EXTRACTED DATA
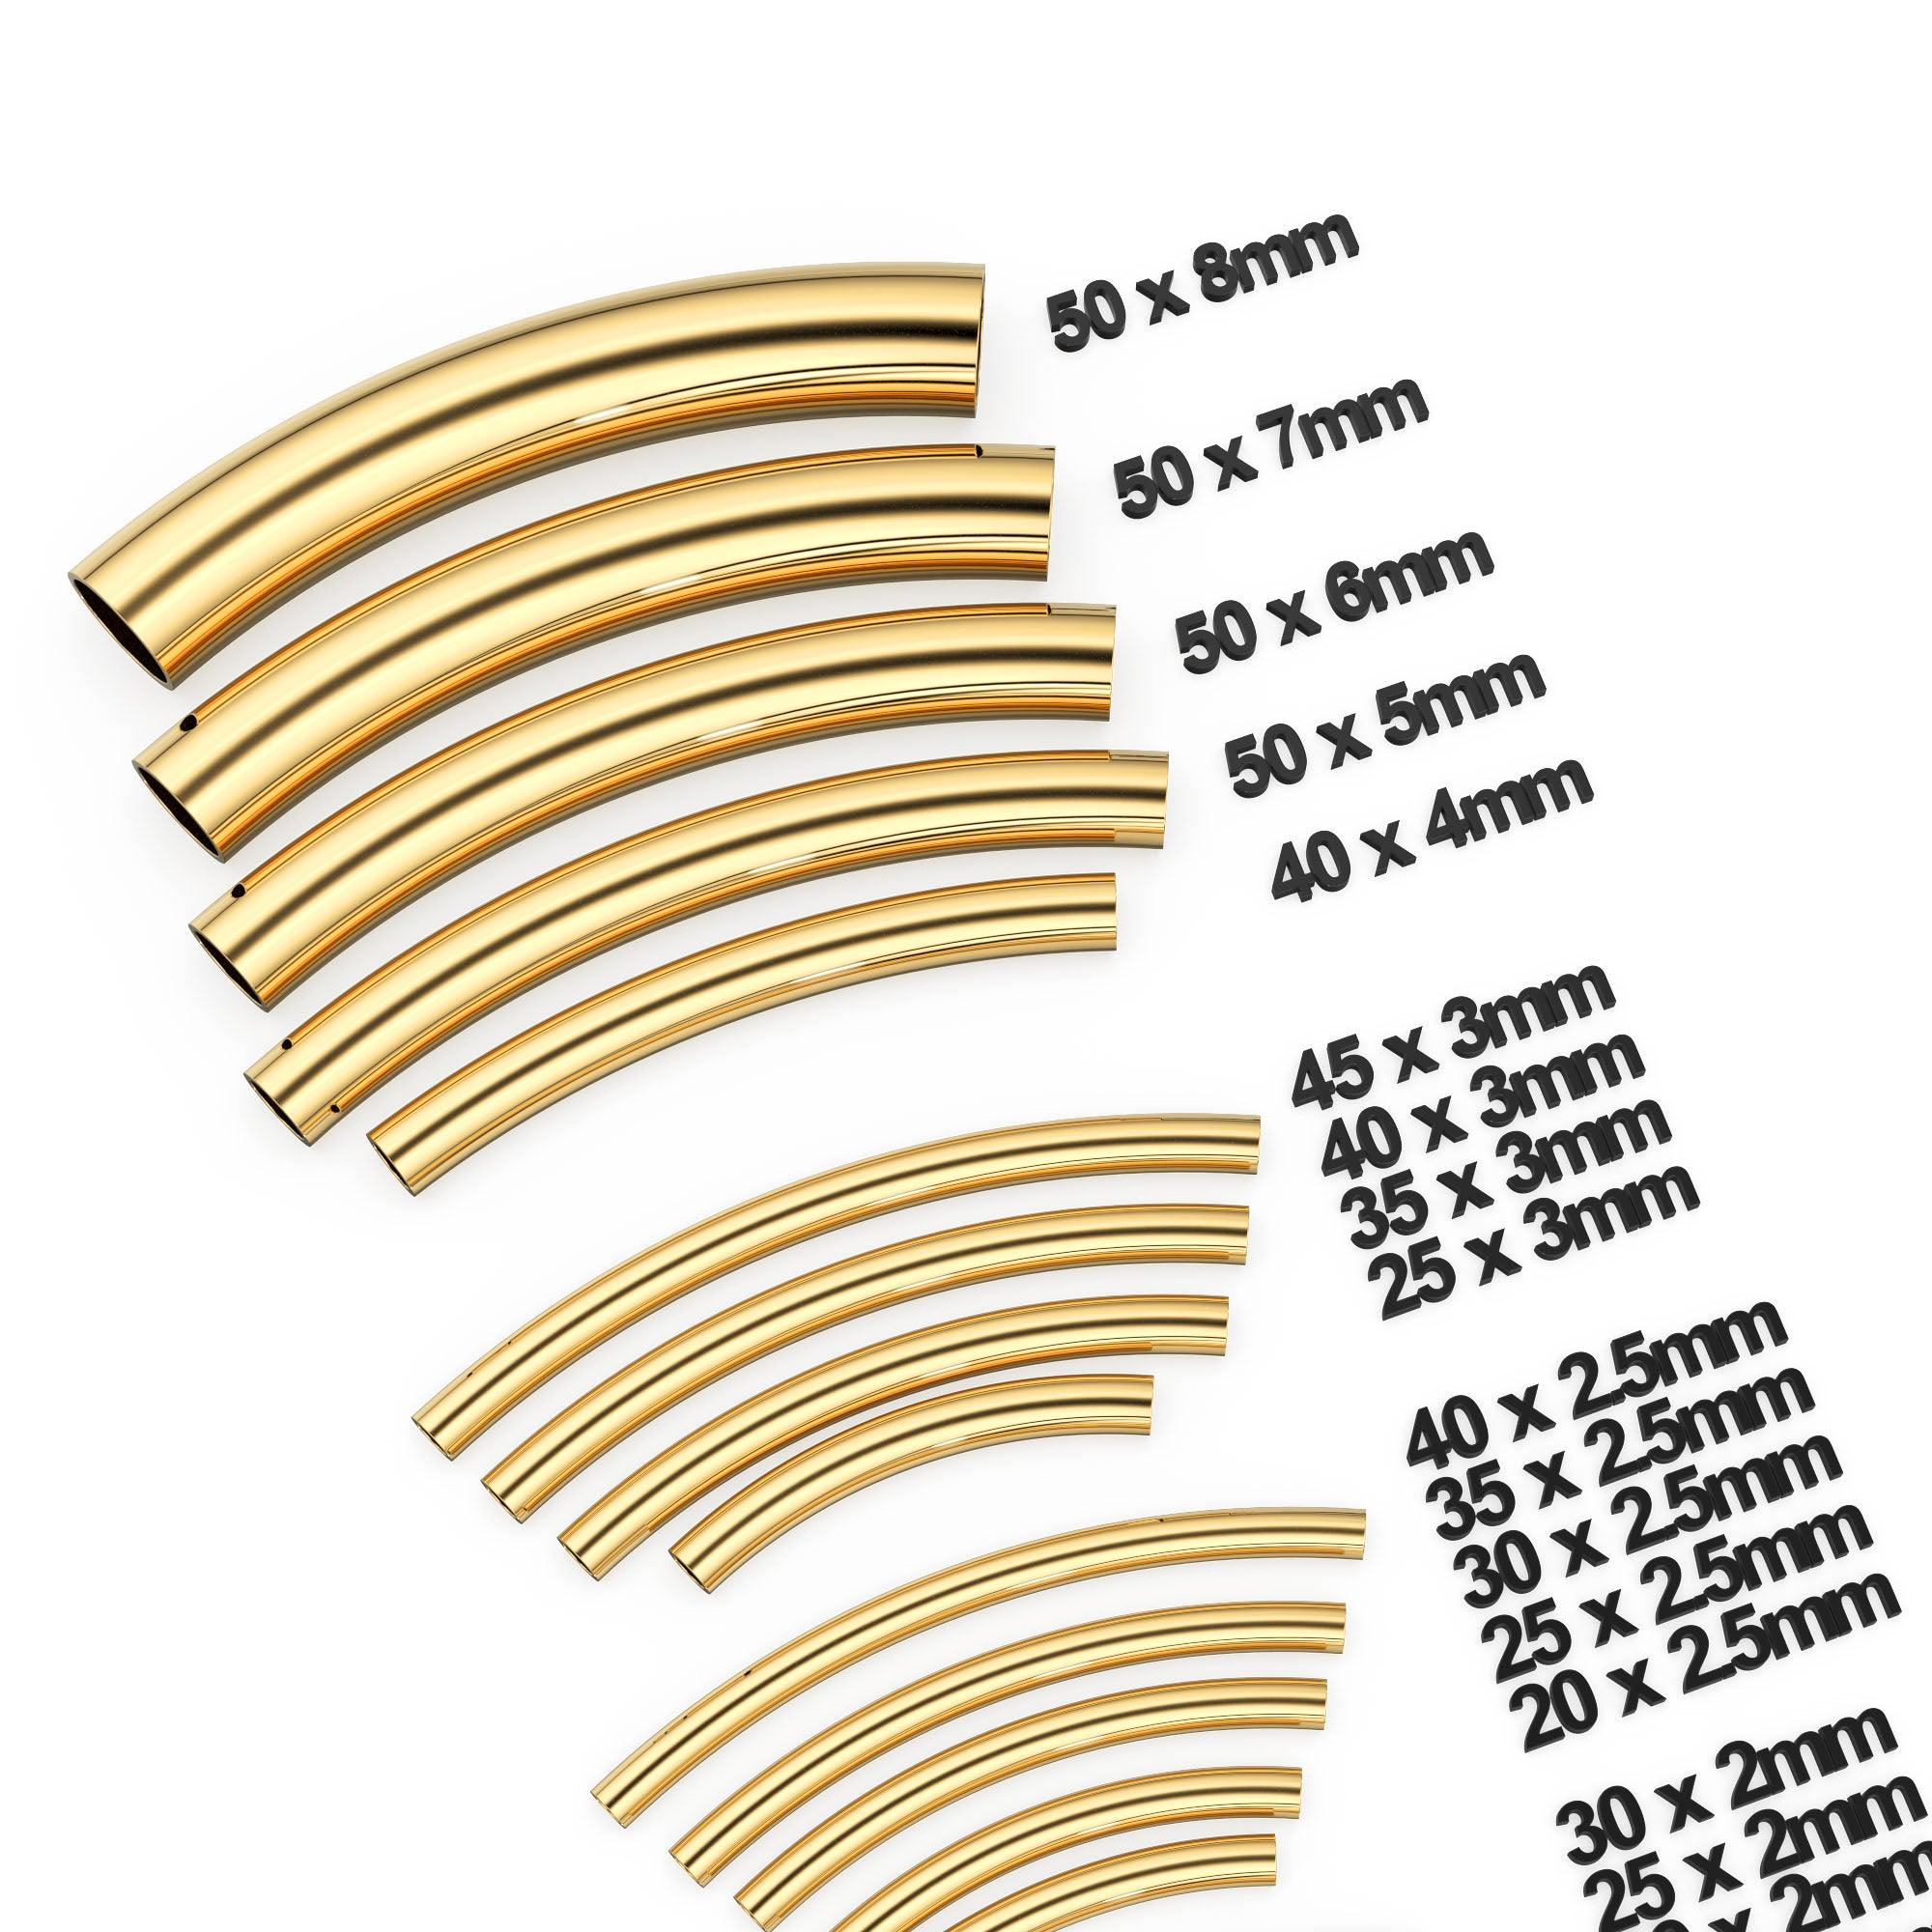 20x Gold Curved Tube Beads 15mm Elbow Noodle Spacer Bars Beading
...
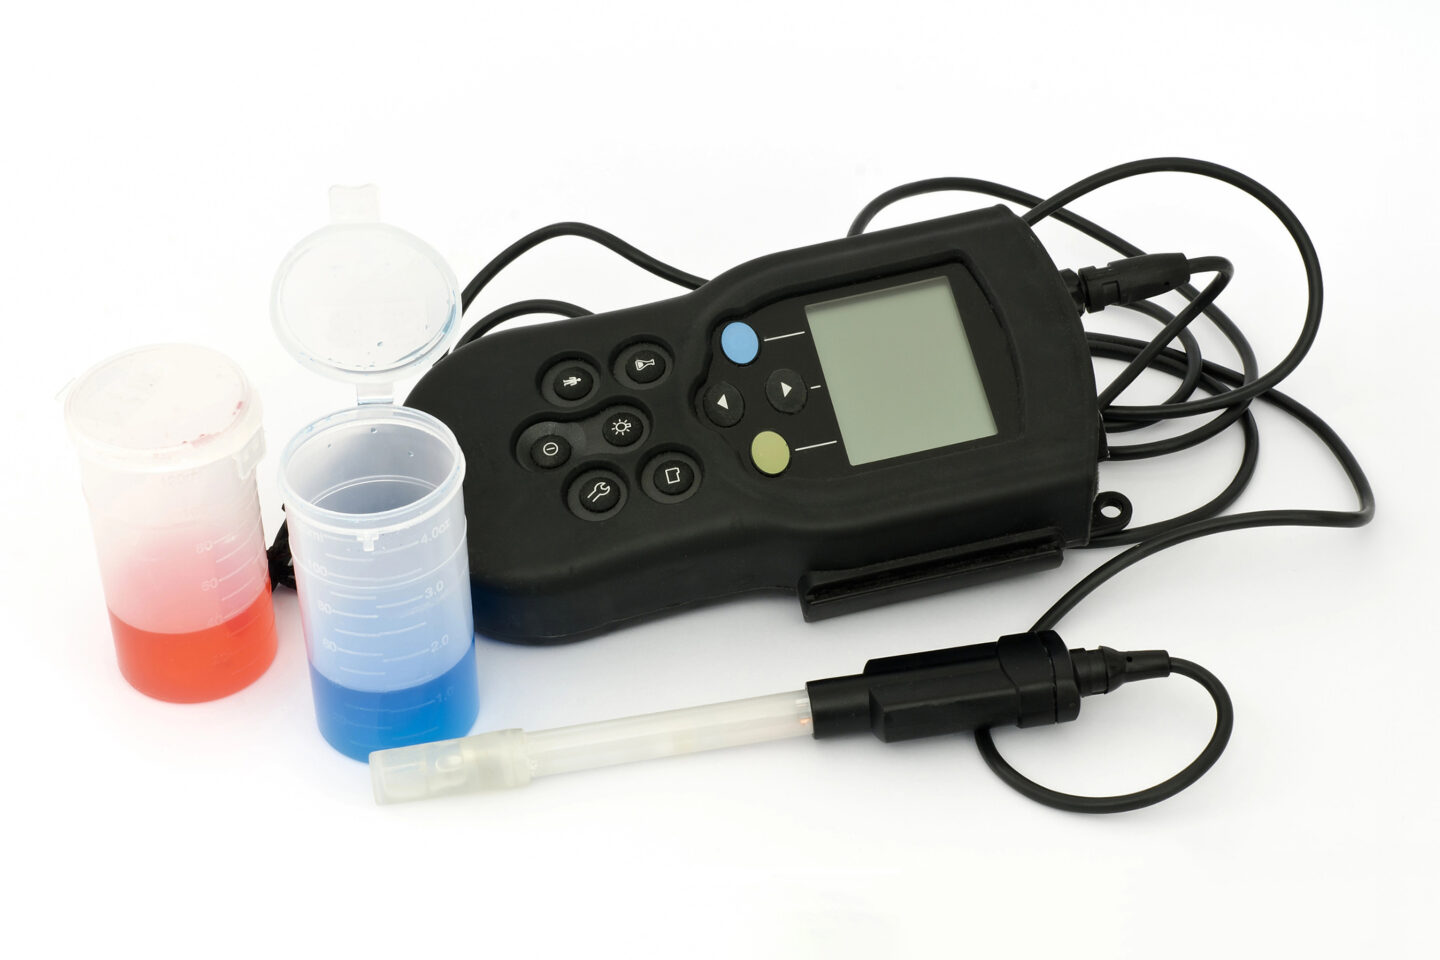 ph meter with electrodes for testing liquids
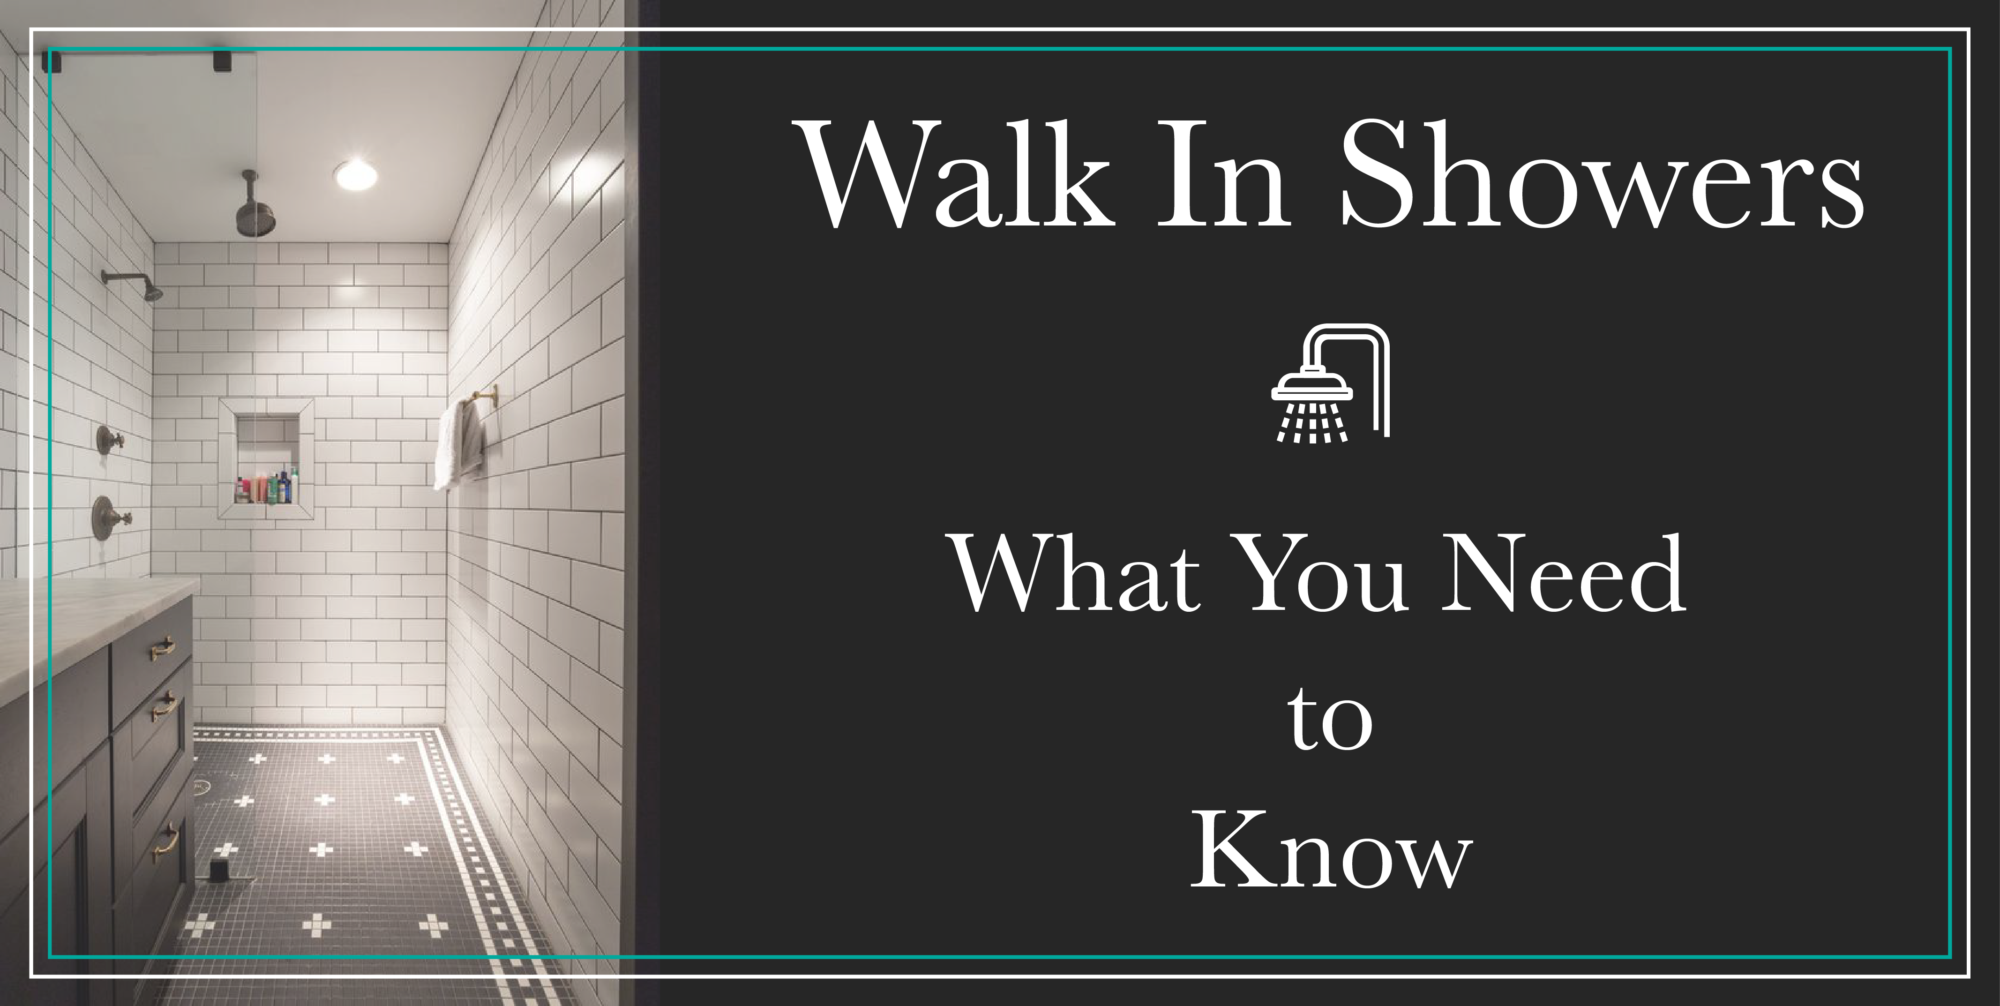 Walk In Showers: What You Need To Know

ABOUT THIS EXERCISE
In the listing above, find the line containing "ph meter with electrodes for testing liquids". Output it and every line after it up to and including the line containing "Walk In Showers: What You Need To Know", exactly, but skip the pictures.

YOUR SOLUTION
 ph meter with electrodes for testing liquids
 Walk In Showers: What You Need To Know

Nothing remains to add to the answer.